I promised to do what I could, and on the night of his return to London we dined together. It was the last evening of the Melton holidays, and I had organized a small theatre party for my cousin Laurence,—Violet and Amy were with us,—and, as the ordering of the arrangements was in Laurence's youthful but self-confident hands, we sat in the deafening neighbourhood of a powerful coon band and dined incongruously off unlimited hors d'oeuvres, a Nesselrode ice-pudding and—so far as I can remember—nothing else. Still at his order we drank sparkling Burgundy, variously described by him as a 'pretty tipple' and by Loring as 'warm knife-wash.' We spent the evening in a theatre where we were forbidden to smoke and supped off Strasbourg pie and iced cider-cup in a restaurant where two persistent dancers whirled their bewildering way in and out of the tables.
"A pretty useful evening," said my cousin, as we dispatched him to bed; and I had not the heart to undeceive him.
"Remember me to Burgess, Laurie," said Loring, and turning to Violet, "I wonder if you keep a little brandy in this flat? My digestion is not what it once was."
Life is a tangle of incongruities, and at one o'clock in the morning, in a St. James's Court flat, with Mrs. Hunter-Oakleigh sleeping on one side of us and Laurence on another, we formally welcomed Loring back to London over a supplementary meal of bread, cheese and liqueur brandy. Warming to the work, we summoned O'Rane by telephone from Gray's Inn. It was half-past three, and dawn was lighting up the sky, when Amy broke up the party by demanding to be taken home to bed.
"And now you're back in England, you're going to stay here?" Violet inquired, as she and Loring shook hands.
"I can't get away for a bit," was the answer. "What with this engine——"
"Will you stay long enough to make your apologies?" she asked, looking at him through narrowed lids.
"But what have I done?" he inquired anxiously.
"A halfpenny postcard—any time—just to show you were still alive——"
"But I didn't write to anyone——" he protested.

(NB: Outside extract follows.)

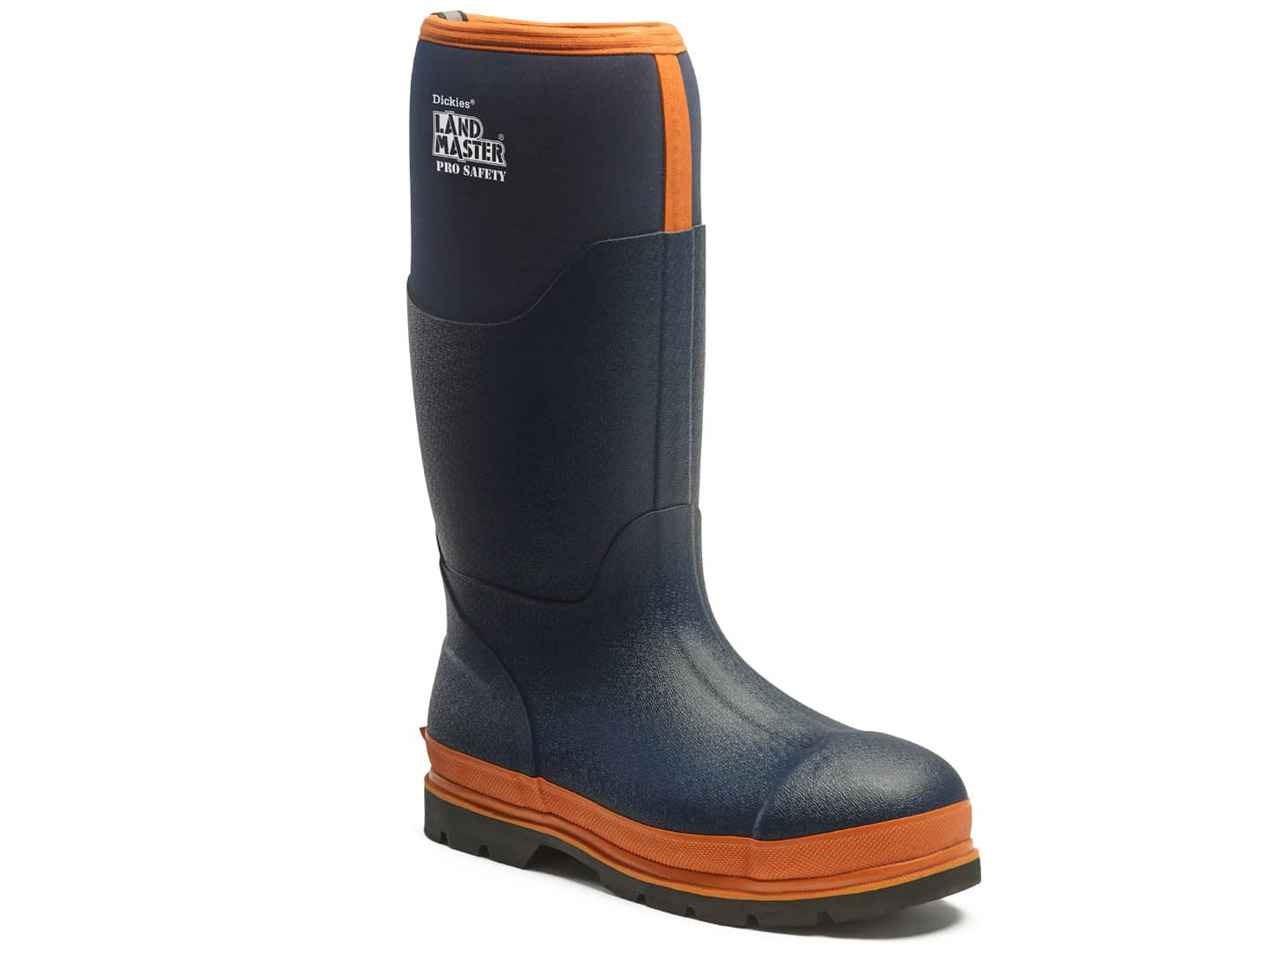 8accd5510a0 Dickies FW9902BO12 Landmaster Pro Safety Wellington Boot Blue/Orange Size 12

Violet laughed and turned to the door. In the subdued yellow light her grave beauty was very attractive. Though she smiled still, her eyes were wistful, and I chose to fancy she had not outgrown her old affection so quickly as Loring.
"My dear, I'm not jealous!" she said. "As a mark of friendship, though——"
"Violet, I'm frightfully sorry!" he exclaimed, taking an eager step towards her. "Will that do?"
"Are you going off again?"
"I shall stay as long as there's anything to stay for."
The direct and obvious route from St. James's Court either to Princes Gardens or Gray's Inn is perhaps not by Curzon Street, but it was so long since we had been together that O'Rane and I sat talking in the library of Loring House until there was barely time for a Turkish bath before breakfast. The Yately seat was vacant, and Raney proposed to begin his canvass in two days' time. He was full of rhetoric and indignation on the condition of Ireland and rehearsed his election speeches at some length.
"It's as bad as you like," Loring interrupted, "but it won't come to anything."
"Are you in the Special Reserve?" O'Rane asked suddenly.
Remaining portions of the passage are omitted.